Barbara Reynolds suggests that. if hard currency is needed for the capital budget. a stock dividend could be substituted for a hard currency dividend. Make you hold? How do you believe the shareholders would respond? Regardless of their reaction. is the stock dividend an tantamount replacement for a hard currency dividend?

Equally much as the house is in a place to pay portion dividend and non hard currency dividend. non all shareholders will be comfy for some will experience that nil was really paid to them. This is so because the portion dividend is merely but a mere paper which the stockholders sign to make more portions. This could merely go good if it increased the stockholders entire hard currency dividend which will travel into the function of a stock dividend to conserve financess ( Baker. 2009 ) .

Question seven

After all is said and done. make you believe the firm’s dividend policy affairs? If so. what do you believe Montgomery’s policy should be.

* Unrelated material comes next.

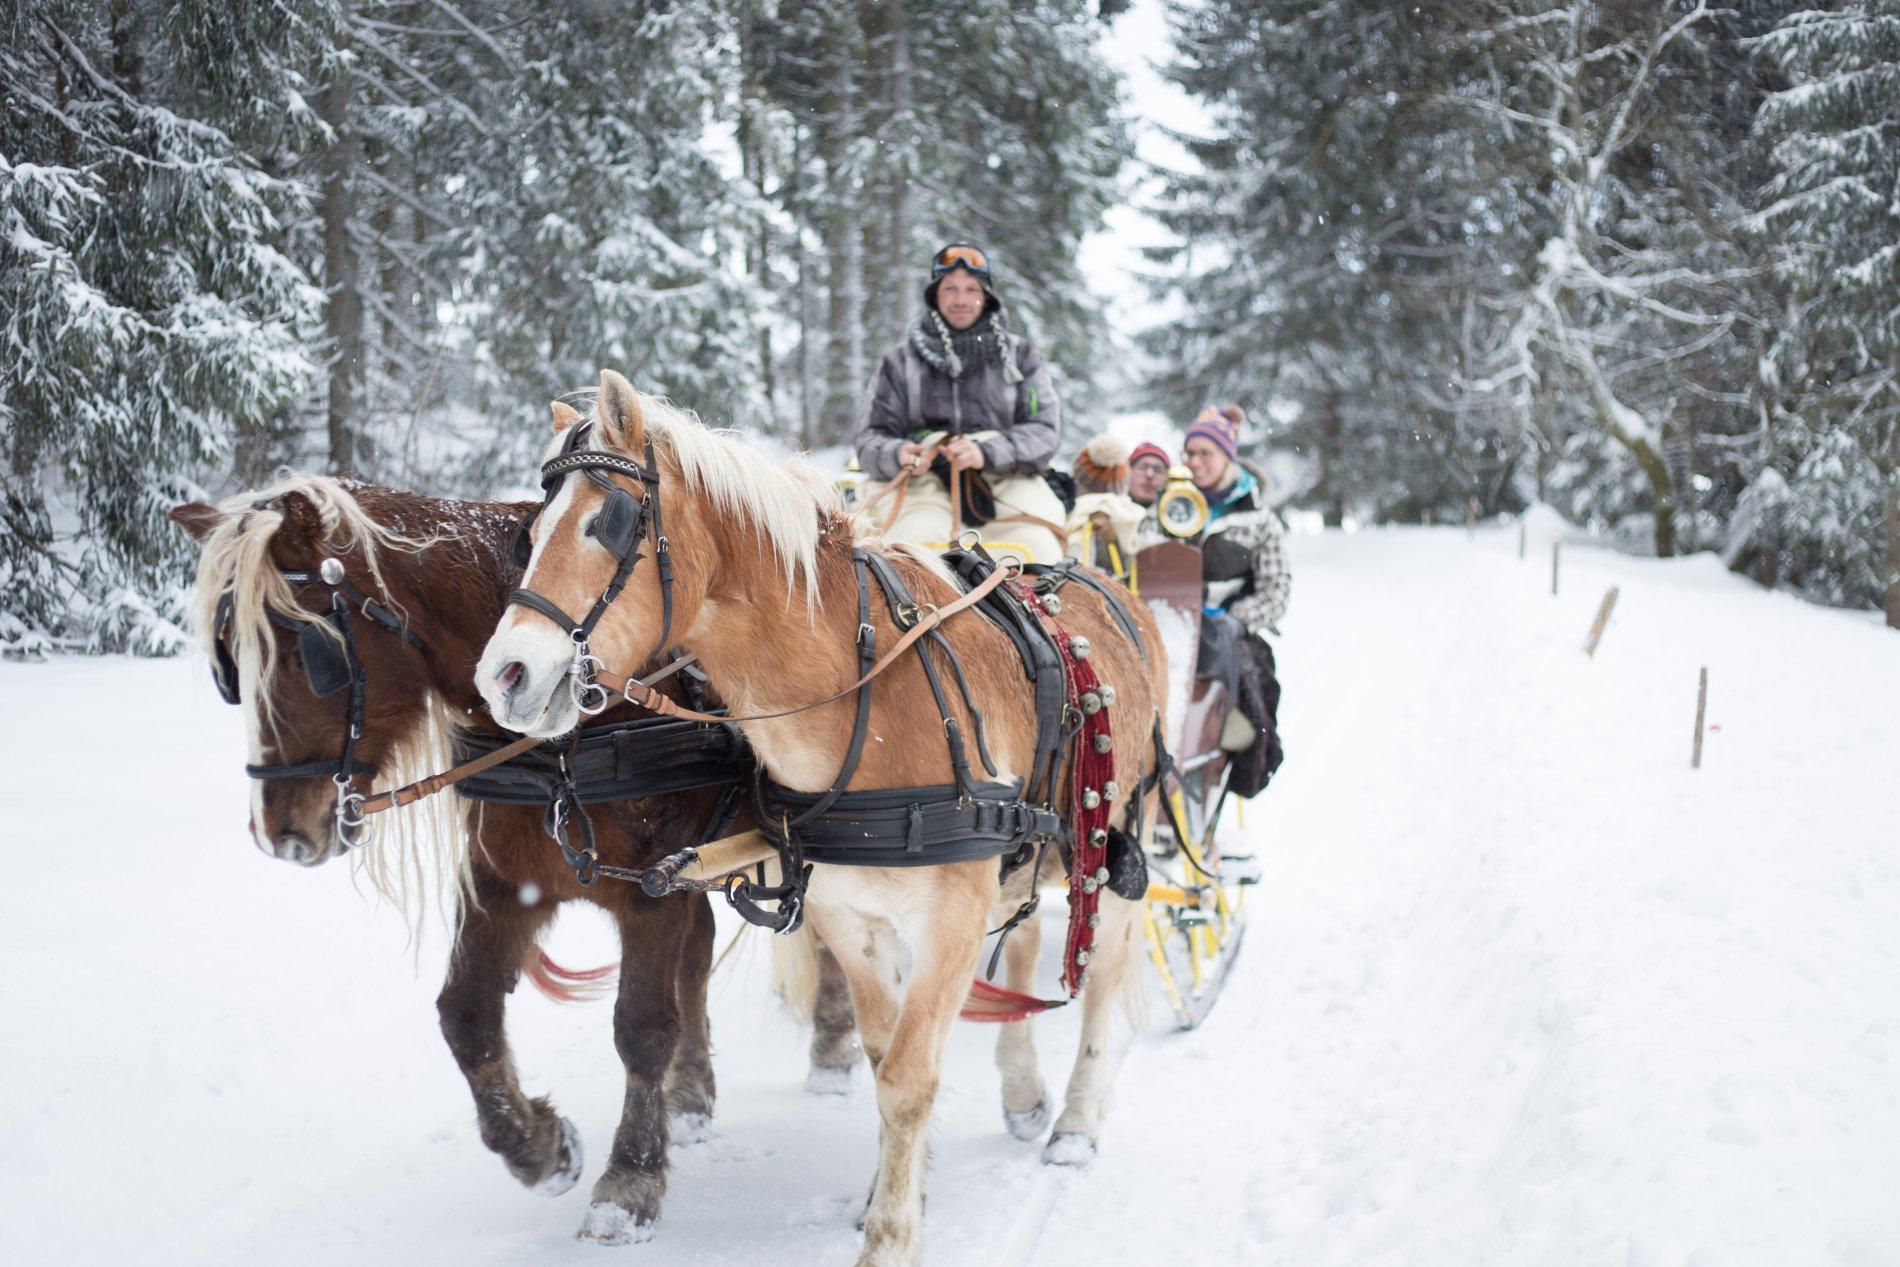 Pferdeschlittenfahrt Reinertonishof Schönwald
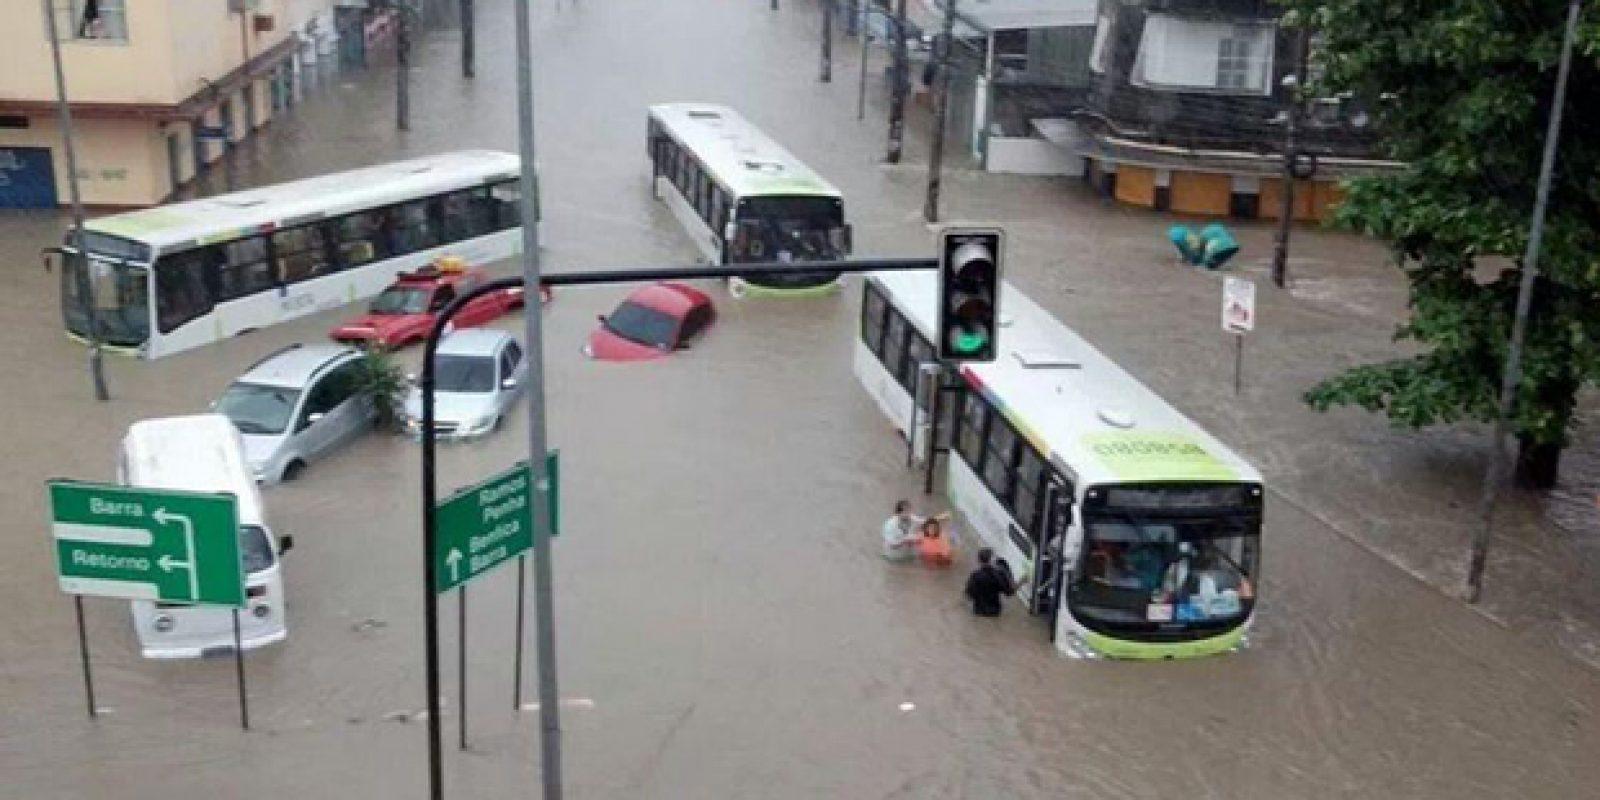 ônibus-parados-em-alagamento-de-bonsucesso-chuva-rio-de-janeiro-Elaine-Christina-Ouvinte-Band-News-Fluminense-FM

Whether traveling for residuary dividend policy or payment of a hard currency dividend. every fiscal analyst has his or her positions. Many would reason that borrowing to put instead than utilizing the available money would increase costs due to flotation that are associated with borrowing from outside beginnings therefore need to travel for a residuary dividend policy. On the other manus. Montgomery being an old house that is used to the current dividend policy will be better off lodging to it. Consequently. leave residuary dividend policy for new emerging retail companies ( Baker. 2009 ) .

Mentions

Baker. K. ( 2009 ) .‘Dividends and Dividend policy. ’eighthedition. Harvard Business School Press: New York.

Baker. K. & A ; Filbeck. G. ( 2012 ) .‘Alternative investings: Instruments. Performance. Benchmark and Strategies. ’2nd edition. Harvard Business School Press: New York.